You can also use other software apps like foxglove studio teleop panel or rqt_robot_steering [comes installed with ROS2 Humble desktop packages] to send the cmd_vel directly to the robot using the UI for those apps.
The final test that your joystick is working should be like this:
## start the teleop_twist_joy node in ROS2 [this will automatically start joy node as well]
ros2 launch teleop_twist_joy teleop-launch.py joy_config:='xbox'
## in separate terminal window monitor the cmd_vel topic to see messages as we move joystick
ros2 topic echo /cmd_vel
### in third terminal window launch the Rqt app
If everything went well, you’ll see the node graph like this in Rqt node graph window and in the second terminal where we are monitoring the /cmd_vel topic, you’ll see the linear and angular values changing as you move the joystick.
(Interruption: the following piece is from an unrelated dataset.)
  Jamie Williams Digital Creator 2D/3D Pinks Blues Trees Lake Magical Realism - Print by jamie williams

At this point we have tested the robot in stand alone mode with wheels, sensors and we have also tested the joystick controller. Now its time to put everything together and drive the robot. In order to do that we are going to have to do following main steps:
- Download and test Linorobot2 ROS2 packages on laptop and make sure we can run the out of box Linorobot2 simulations
- Create a modified launch file for our custom robot so we can launch all the necessary nodes including micro-ROS docker agent and teleop twist nodes from single launch file.
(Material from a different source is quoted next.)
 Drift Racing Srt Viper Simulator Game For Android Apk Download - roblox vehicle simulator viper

- Test the robot in Rviz2 and Gazebo simulations to make sure things work properly before we run the real robot. If everything works well then we will run everything together in next section .
- — the esp32 real/physical robot, Linorobot2 packages and move the robot around using joystick.
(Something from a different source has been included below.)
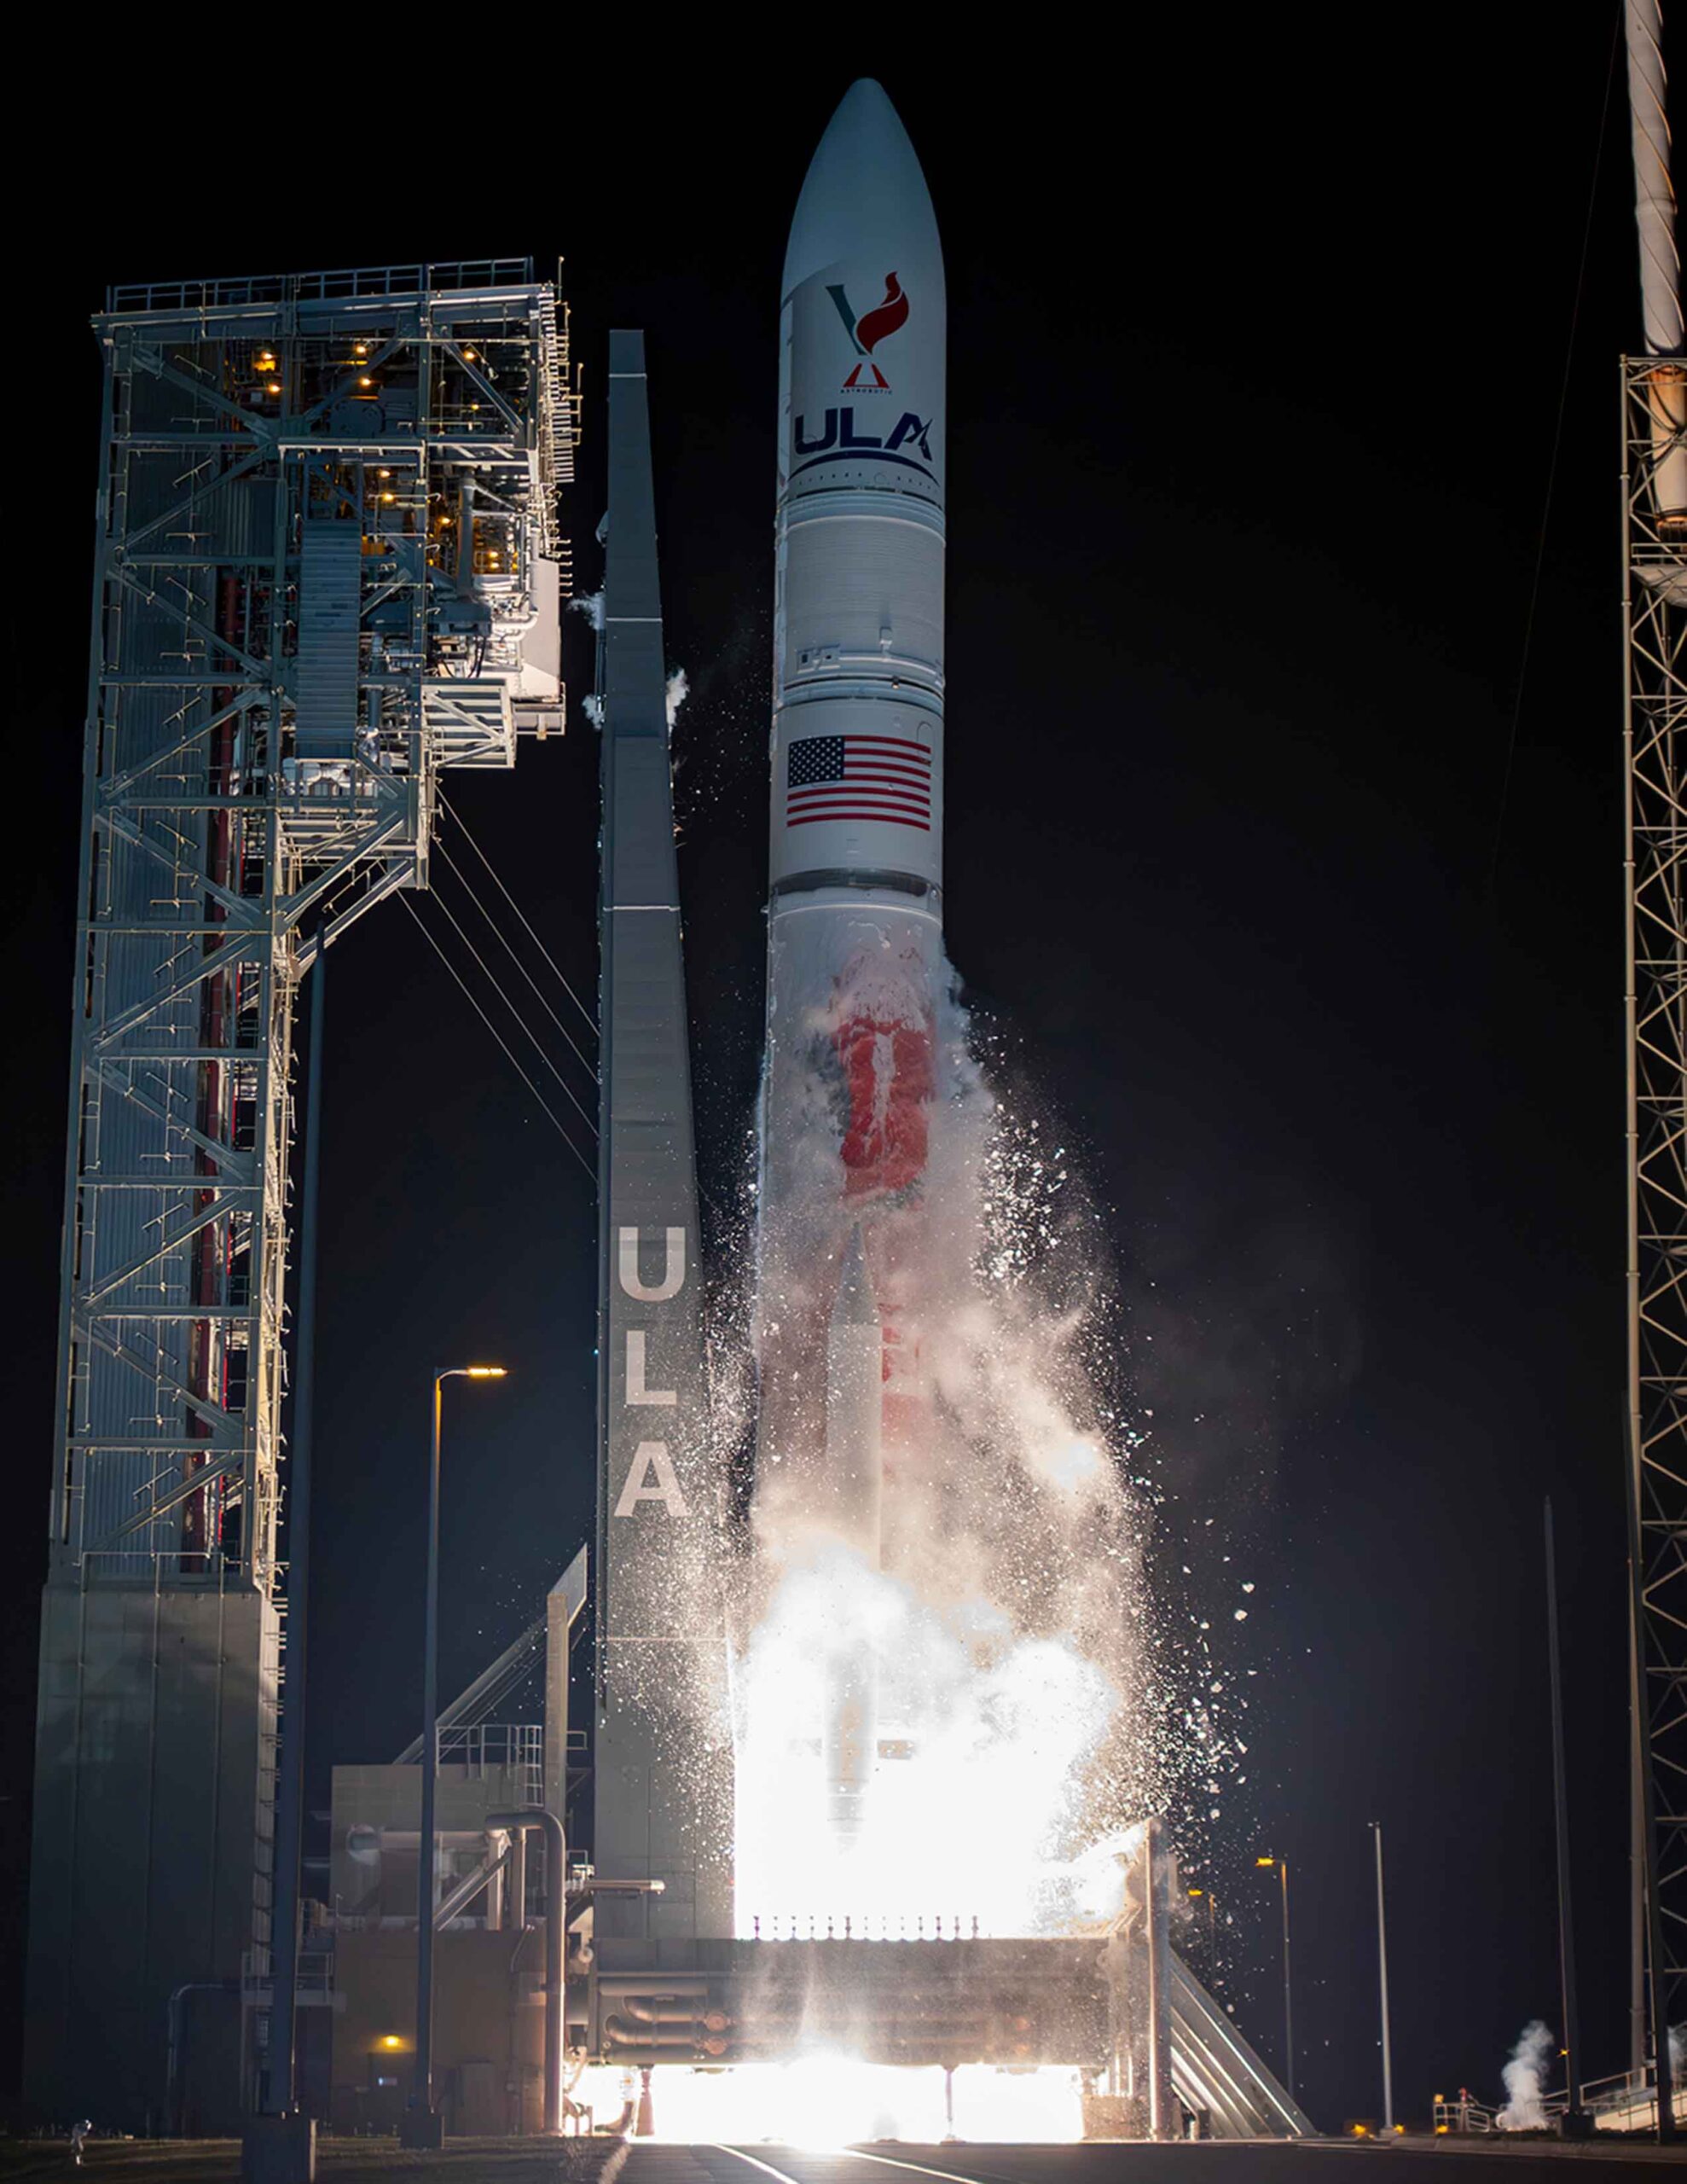 Vulcan Centaur rocket launching off of its launchpad.

Before running the simulations make sure you power of the robot and esp32 so it is not publishing any topics to avoid the confusion of seeing topics published by Gazebo and the real robot together. Also, make sure you have shut down the micro-ROS agent docker [you can just abort it using CTRL+C].
Now lets prepare to run the simulation by downloading the Linorobot2 packages and then running various simulations in Rviz and Gazebo.
## clone the esp32 linobot github repo
git clone https://github.com/robofoundry/linorobot2.git ~/esp32_linorobot2
## build the packages and source
## run the rviz to make sure our robot urdf looks good
ros2 launch linorobot2_description description.launch.py rviz:=true
The rviz2 will show the robot that looks like this:
Now we are ready to actually run the Gazebo simulation for our robot and drive around in simulator to make sure the simulation works.
ros2 launch linorobot2_gazebo gazebo.launch.py
The Gazebo simulation will look something like this:
At this point if you examining the ROS2 node graph in Rqt it will look like this:
As you can see Gazebo is listening on /cmd_vel topic and also generating fake simulated messages for IMU and diff drive controller for odometry which will be fed into the ekf_filter_node to localize the robot within the simulator world.
Lets launch the rqt_robot_steering to drive the robot around in the playground world in Gazebo.
You can simply keep the Gazebo window and rqt_robot_steering window in the view and start clicking +/- and left/right arrows to provide cmd_vel with linear and angular velocities which will be published on cmd_vel topic as shown at top of the window. You can also increase or decrease the speed or stop everything with stop button and you’ll see the robot moving around in the simulator as shown below:
Now all the basics have been tested in simulation and we are ready to run the real robot in real world and we will dig into it in the next article.
Hope you had fun building and tinkering with the software and hardware so far and learned some good stuff about ROS2 along the way!!!